In order to complete her workout routine, Eve Harlow incorporates strength training exercises that offer numerous health benefits and aid in slimming down. The fascinating aspect of these exercises is that they can be performed at home even in the absence of gym equipment. Several effective and simple strength training workouts include dumbbell or barbell rows, triceps dips or extension, floor press, triangle push-ups, assisted pull-ups, and reverse lunges. 

It’s important to note that the weight and reps should be adjusted according to your fitness level and goals. Give them a try and witness the astonishing outcomes.

Core Workouts: 

Eve Harlow has incorporated some straightforward core workouts into her exercise routine as they offer several benefits to the body. Her routine includes basic core exercises such as planks, single-leg lowering, renegade row, flutter kicks, bicycle crunches, dead bug, Superman, Russian twists, and leg raises, which target the abdominal muscles, lower back, and obliques, and help to tone and strengthen the core. Core workouts can aid in attaining a stronger, leaner, and more toned physique.


Harlow always includes Pilates in her workout routine because it provides numerous benefits such as improving overall fitness, increasing strength and flexibility, reducing stress and tension, and enhancing focus and balance.
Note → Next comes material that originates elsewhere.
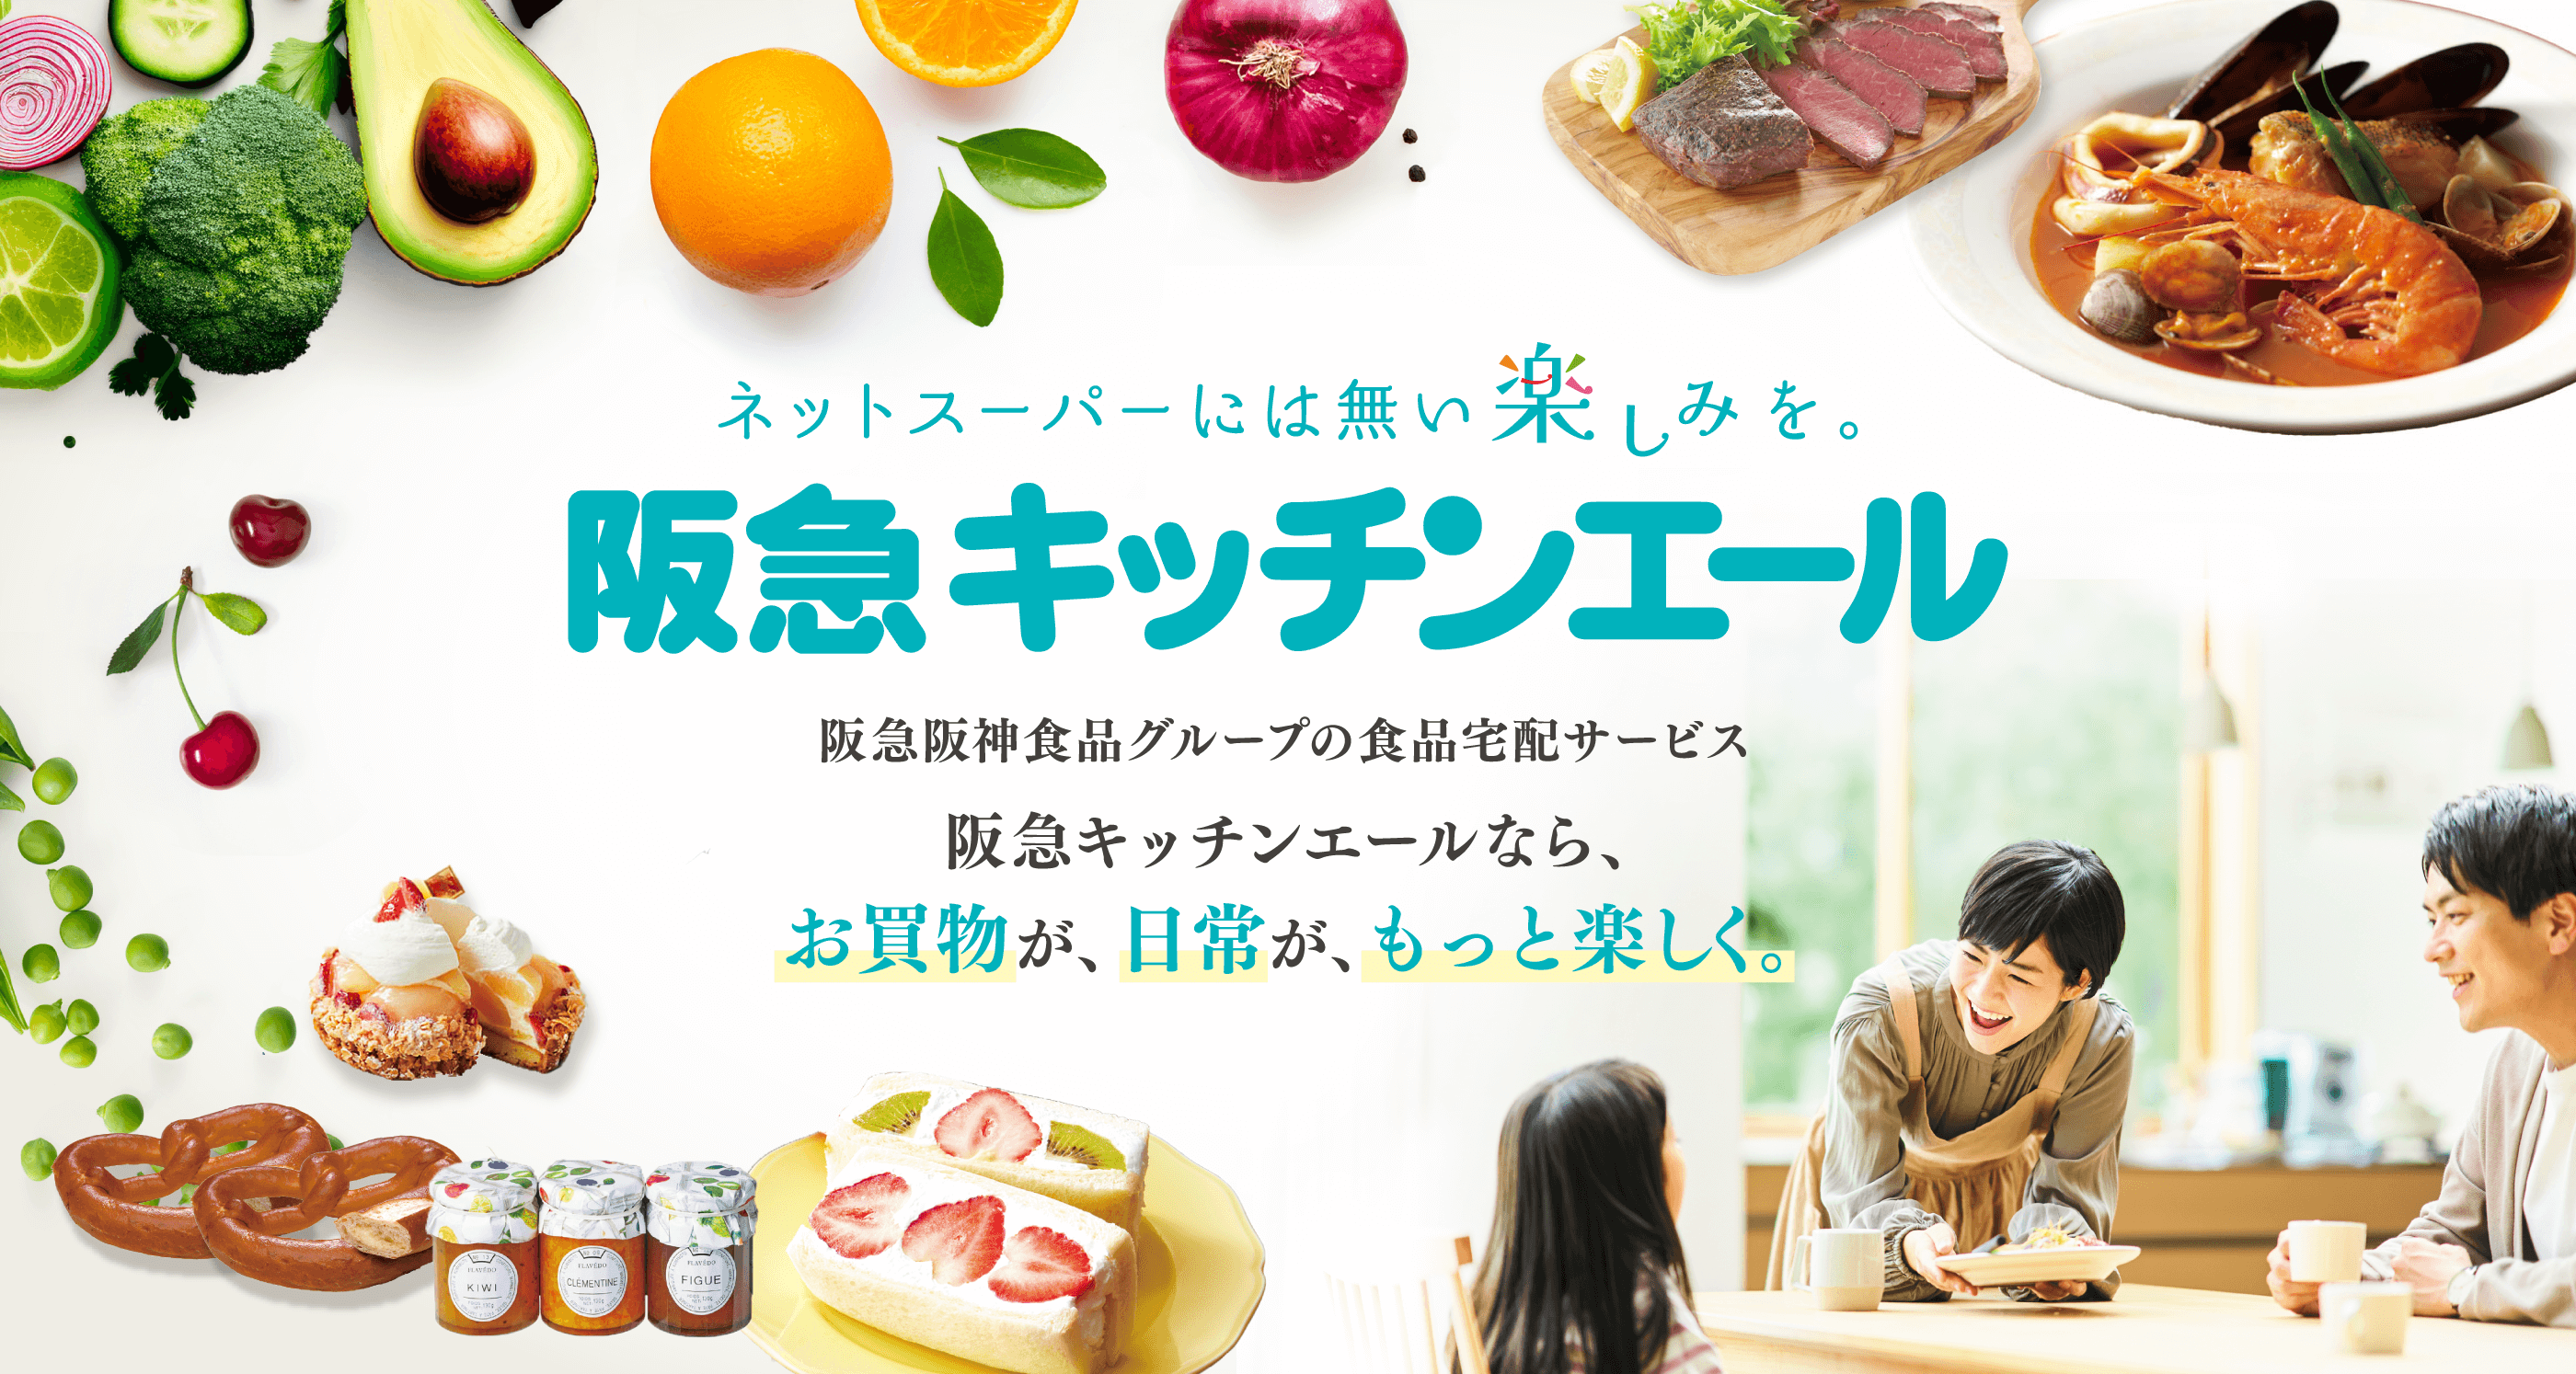 ネットスーパーには無い楽しみを。阪急キッチンエール 阪急阪神食品グループの食品宅配サービス 阪急キッチンエールなら、お買物が、日常が、もっと楽しく。

Additionally, Pilates targets the muscles of the abdomen, back, and hips, which can improve posture and stability.

After scouring through various social media sites, we have compiled all available information on Eve Harlow workout routine. She is highly committed to maintaining her fitness and can be seen sweating it out in the gym. Her fitness regime comprises a range of exercises aimed at keeping her body in good shape and promoting good health. If you aspire to emulate her fitness journey, be prepared to put in the hard work and dedication required to achieve a healthy body and maintain it.

Also Read: Gabriel Basso Workout Routine and Diet Plan


Eve Harlow Diet Plan

Eve Harlow diet plan is purely vegan. She used to consume foods that are rich in lean protein, fiber, and essential nutrients and minerals. Additionally, she always prioritizes consuming freshly prepared, clean foods. To ensure she remains hydrated, she makes a point to drink water at regular intervals throughout the day.

However, there are certain food items that she completely avoids, such as meat, junk food, processed food, fatty meals, sugary items, and more. By adopting this nutritious diet plan, Eve was able to stay fit and live a healthy life.

Is Eve Harlow a Vegan?

Yes, Eve Harlow follows a vegan diet. 

The aforementioned is a comprehensive account of the Eve Harlow diet plan, which the actress, adheres to keep her physique in shape.